The living wage in Bangladesh is €260 a month apparently.
No, that’s at market exchange rates. A country where GDP per capita is around €1500 a year should be paying a low end worker €3,100 a year before overtime.
At PPP exchange rates they’re saying that somewhere at about $3,300 per capita GDP should be paying $8,700 a year.
They’re just fucking insane these Clean Clothes people.
Entry level garment maker should, before overtime, get 150% of the salary of a high school teacher in the private sector.
Insane.
People in Bangladesh need tickets to the opera too I assume.
I wonder if they realise what happens when you start paying factory workers more than teachers and doctors?
Perhaps we should try it here. Lets start paying manual workers in schools (the janitor and groundsman say) £50-60k/yr and keep teachers on the same salary and see how long before the unions are screaming blue murder. About 1 nanosecond I’d guess.
magnusw>
I also wonder. It seems too obvious to miss. Are they thick as pigshit, or neo-racists who’ve worked out a way of calling for poor countries to lose their medics and schools that is acceptable to Guardian-reading types?
“the minimum wage levels fall far below what a person could live on”?
People are actually living on them!
People are actually living on them!
Not those who cannot envision any minimum wage level that doesn’t guarantee a comfortable middle-class standard of living.
That is key.
Jim – can imagine the union for the manual workers sticking up for its members while the other unions want more than that for their members. Unfair they will cry….
Like a teacher retiring in their 50s but the caretaker being forced to carry on to the day before 65tth birthday is fair…

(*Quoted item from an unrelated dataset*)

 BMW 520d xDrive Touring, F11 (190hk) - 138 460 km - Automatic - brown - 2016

Dave – surely the joos are involved? Somehow, anti-semitism must be the answer?
So, the “unforeseen circumstances” will be doctors and other professionals getting jobs in these garment factories instead.

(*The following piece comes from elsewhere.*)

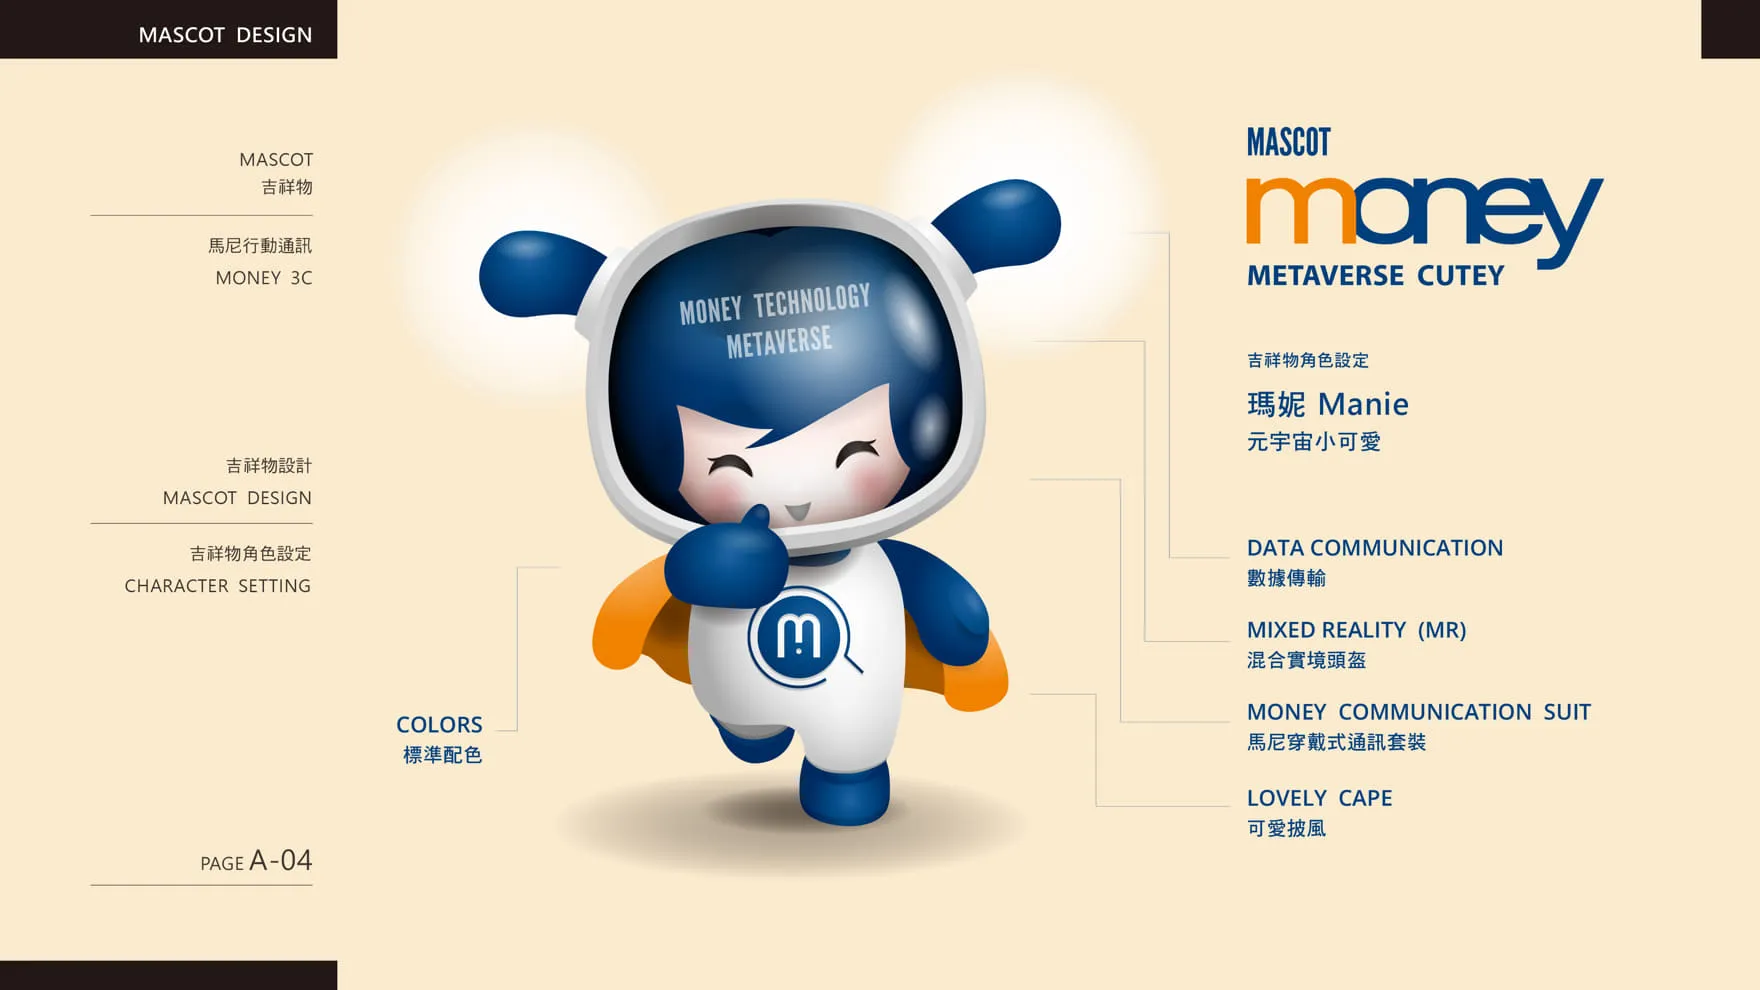 馬尼行動通訊品牌吉祥物設計角色設定 Mascot Planning

Or perhaps the factory workers buying properties or being able to afford to live in places that middle-class professionals cannot, thus stoking the sort of seething envy of working class success that these Western liberals would enthusiastically share if it happened in this country.
I’m sure these people have mental processes which automatically shut down any thoughts such as “I wonder what would happen if…” CLANG!! Crimethought!
Theo>
Amazingly enough, the people who subtly blame ‘the jooz’ for everything also hate people of the darker-skinned persuasion, and put the same tactics to work.
“These people are insane”
Incorrect. They are evil.
“So, the “unforeseen circumstances” will be doctors and other professionals getting jobs in these garment factories instead.”

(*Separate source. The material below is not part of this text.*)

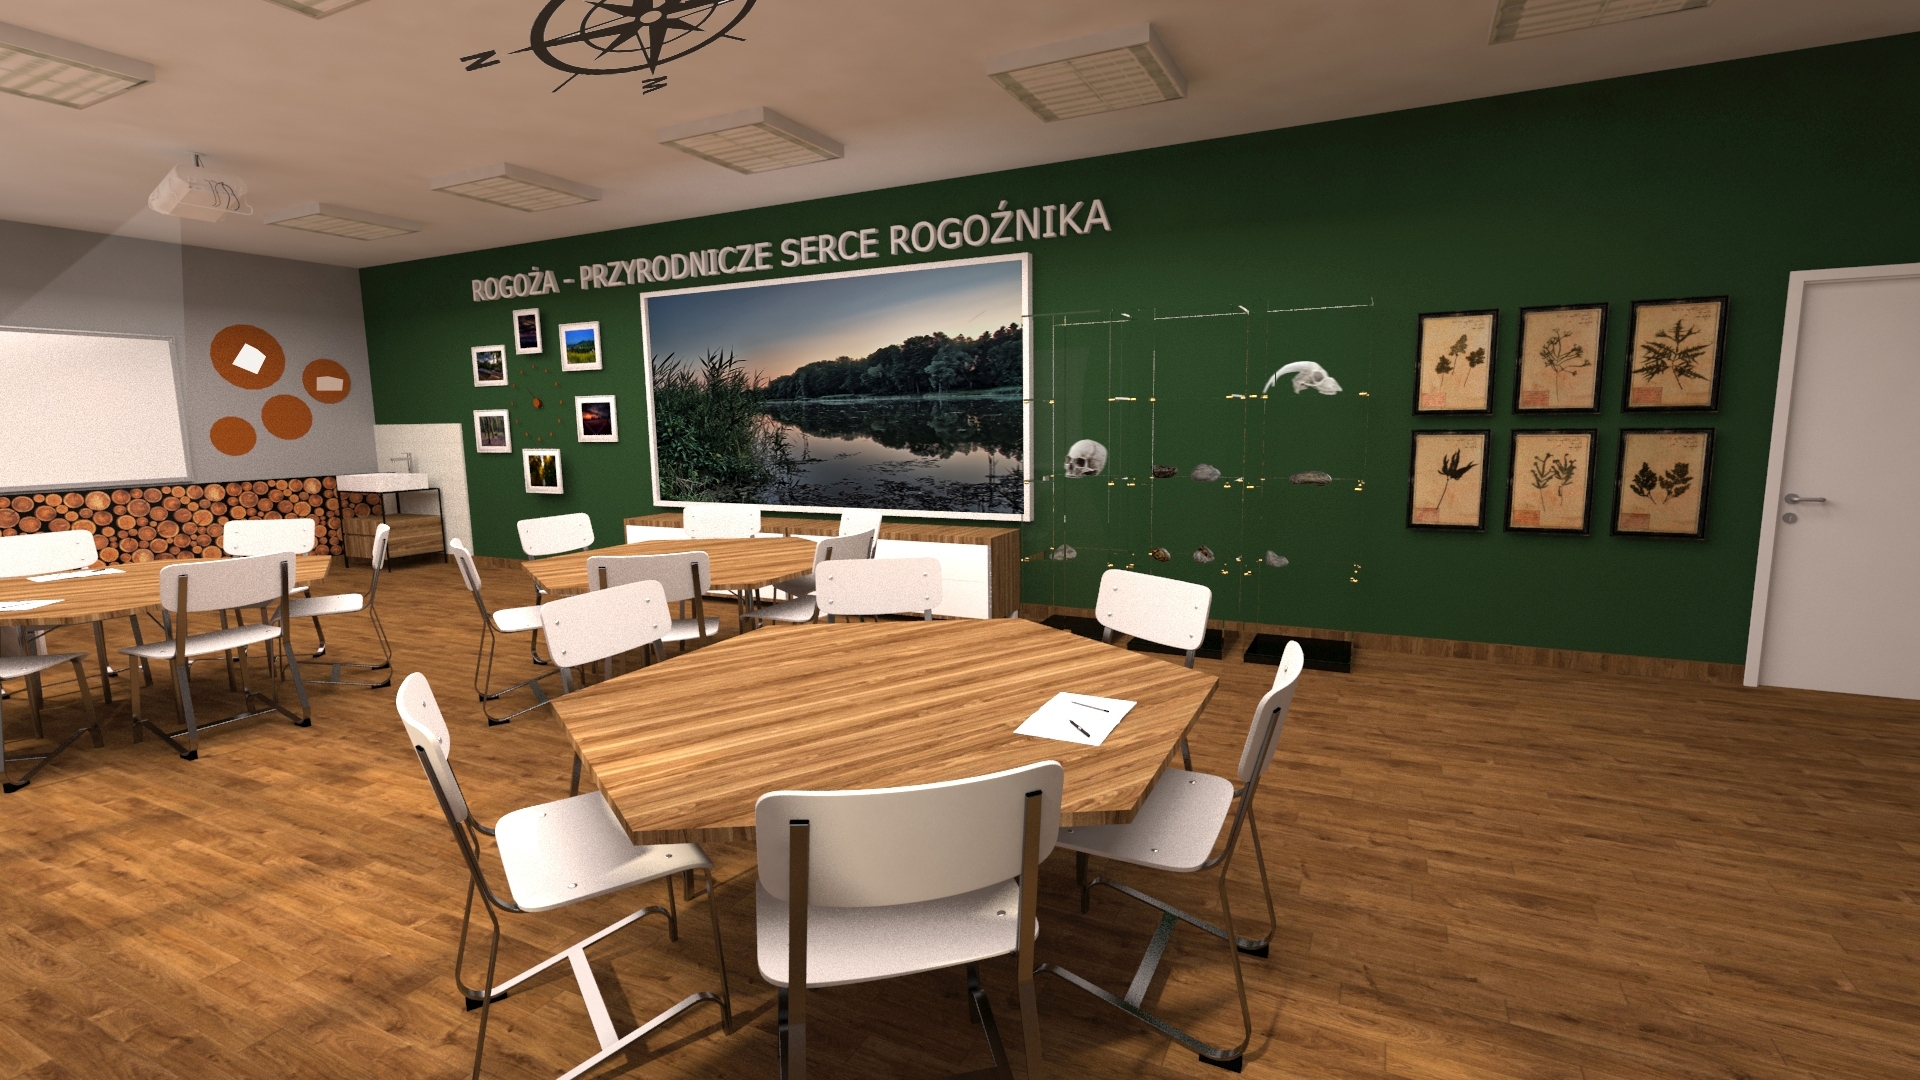 Ilustracja przedstawiająca salę lekcyjną ze stolikami wokół których stoją krzesła, na ścianach obrazki oraz duży plakat

When I lived in Hong Kong 25 years ago my mother-in-law’s amah was a nice Philipinio lady with a degree in electrical engineering.
The chap who hoses the muck out of our local milking parlour is a qualified Filipino vet.
Chris,
Does that tell you about the value of a Filipino veterinarian qualification, or about the lack of profit means they can’t afford an automated milking shed and Filipino’s are cheaper?
I’ve said it before and I’ll say it again: if you are not dying of exposure, thirst or beri-beri you are ipso facto on a living wage.
But looks like they are just taking the high average as “living”. TBH in a place like Bangladesh that’s probably not far from the truth.
If GDP/cap is €1500, we’d surely roughly expect mean labour income per household (larger households than the west) of €3000, wouldn’t we? The main issue is that there are households on a tenth of that, roughly middle-class wage, a spread you just don’t see in the west.